The Silver Bullet Special said:
			
		

> Make sure your ventillation is good. Exhange the volume of air in your room within 5mins our less. What kind of lights are you using?


 
i will be useing the ufo l.e.d.it is a 3x135 watt grow light, i sure hpe it is enough light i was told that it is equal to a 400 hps light . for ventilation i plan on a small fan sucking air in i am hoping its enough to put a breeze with fresh air in my small space.


----------



## Locked (Aug 26, 2012)

skullcandy said:
			
		

> i will be useing the ufo l.e.d.it is a 3x135 watt grow light, i sure hpe it is enough light i was told that it is equal to a 400 hps light . for ventilation i plan on a small fan sucking air in i am hoping its enough to put a breeze with fresh air in my small space.

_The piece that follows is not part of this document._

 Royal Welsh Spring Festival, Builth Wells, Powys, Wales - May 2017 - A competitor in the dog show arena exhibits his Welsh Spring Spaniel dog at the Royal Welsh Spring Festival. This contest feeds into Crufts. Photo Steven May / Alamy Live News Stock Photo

Yeah the problem is most of these LED companies are not very honest. I just don't think the technology is there yet. It is getting better, but they will not be pushing HID lighting out soon. jmo


----------



## skullcandy (Aug 26, 2012)

Hamster Lewis said:
			
		

> Yeah the problem is most of these LED companies are not very honest. I just don't think the technology is there yet. It is getting better, but they will not be pushing HID lighting out soon. jmo


 
i will be posting my results after my first grow sometime in the coming new year.


----------



## gourmet (Aug 26, 2012)

I use led lights from germination until the plants go into the tent under MH lights.


----------



## Sol (Aug 26, 2012)

I have used a 4'x4' space for four plants with no problem ,as long as you train them properly , like was mentioned. Your immediate issues WILL be with heat. I had to add an extra 6" intake just to keep the temps in range. Then again i'm not sure how much heat l.e.d. lamps create.


----------



## The Hemp Goddess (Aug 29, 2012)

skullcandy said:
			
		

> i will be useing the ufo l.e.d.it is a 3x135 watt grow light, i sure hpe it is enough light i was told that it is equal to a 400 hps light . for ventilation i plan on a small fan sucking air in i am hoping its enough to put a breeze with fresh air in my small space.

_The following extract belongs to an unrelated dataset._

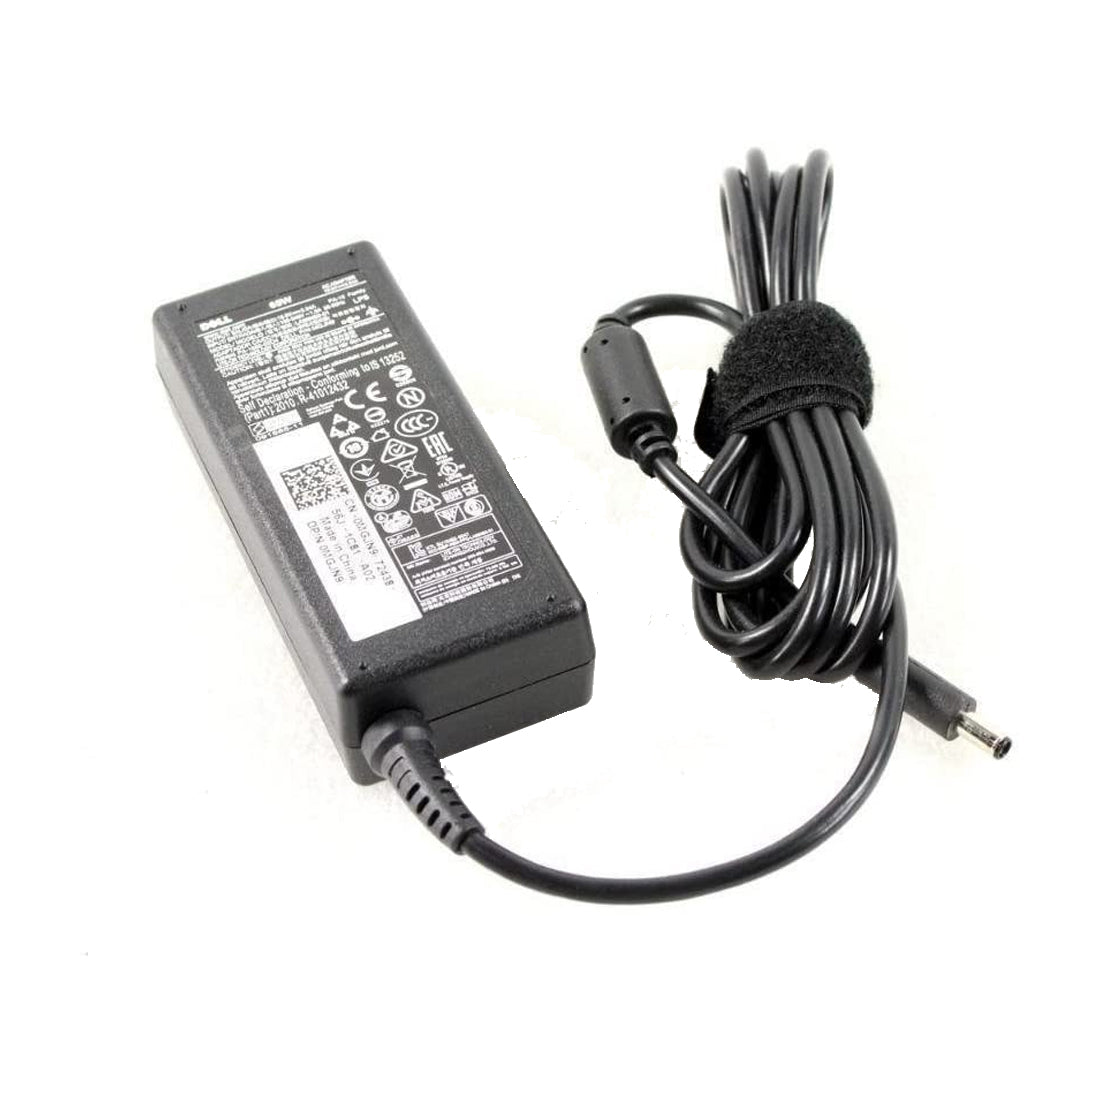 Dell Original 65W 19.5V 4.5mm Pin Laptop Charger Adapter for XPS 13 9350 With Power Cord

I am not seeing this as being nearly enough light for flowering.  Regardless of what the LED salesman said, your light will, in no way, perform like a 400W HPS.  I would just like to slap all those dishonest LED salespeople.  While the LED may work just fine for vegging, I am afraid that for flowering, it will be really inadequate.  I would save my pennies for a HPS--and probably a 600W rather than a 400W.  You will also need "real" ventilation.  I doubt that a small fan is going to give you adequate air exchange.


----------



## 7thG (Oct 20, 2013)

I have read on this site many a times that it is more efficient to have a fan sucking air out as opposed to trying to push air in. And then just open up a passive intake. If the small fan you are referring to is one of those cheap duct fans or something of that caliber its probably not going to cut it. Especially if that's all you have. You may need to upgrade to a nice inline or centrifugal fan. Especially if you decide to grab an HPS lamp for flowering. I think you LEDs will work great, but probably will be just decent for flowering. If you want professional results you should look into getting a 600 watt HPS. You can get a magnetic one for pretty cheap like aroung 150$.


----------



## sunakard2000 (Oct 21, 2013)

iv grown from seed to chop with 2  135 watt LED UFOs(40 3watt LED chips per UFO) they were sufficient for 1 single plant through flower and no where near equivelent to even a 400watt HPS, although they did do the job for one plant, i only yielded 1.3 oz off that plant but i was also using some no name brand crappy soil and was over feeding with Fox Farms trio of liquid nutes which in turn game me lock out issues, i think i may bust out the LEDs here in the winter and ill see what i can do with good soil and nutes, but as everyone else has said, upgrade to better lights, grow out 1 plant if you want but that LED fixture you have aint gonna cut it for 4 plants, just no way. so id get a 600watt HPS (min wattage id recommend for that area), also as 7thg said a better REAL exhaust fan and yes suck the air OUT while letting the fresh air get pulled in through passive vents, this creates negative pressure which will cut down on smells leaking out, the current set up of pushing air INTO the space is just going to blow stink out of any little crack it can and your going to smell it more then if it was negative pressure since all the smell is comming out of one place, the exhaust fan... id say at least get the 600 watt HPS for flowering, the LEDs will actually work very well for vegging the plants, assuming you get more fixtures for 4 plants, i personaly dedicate 1  135watt UFO per vegging plant untill they are larger then 2 UFOs... but hey thats just from my experience with both T5/HPS and LEDs.
so to sum up, yes LEDs do work from seed to finish, need multiple per plant or a bunch of fixtures for multiple plants. also UPGRADEs are highly recommended.


----------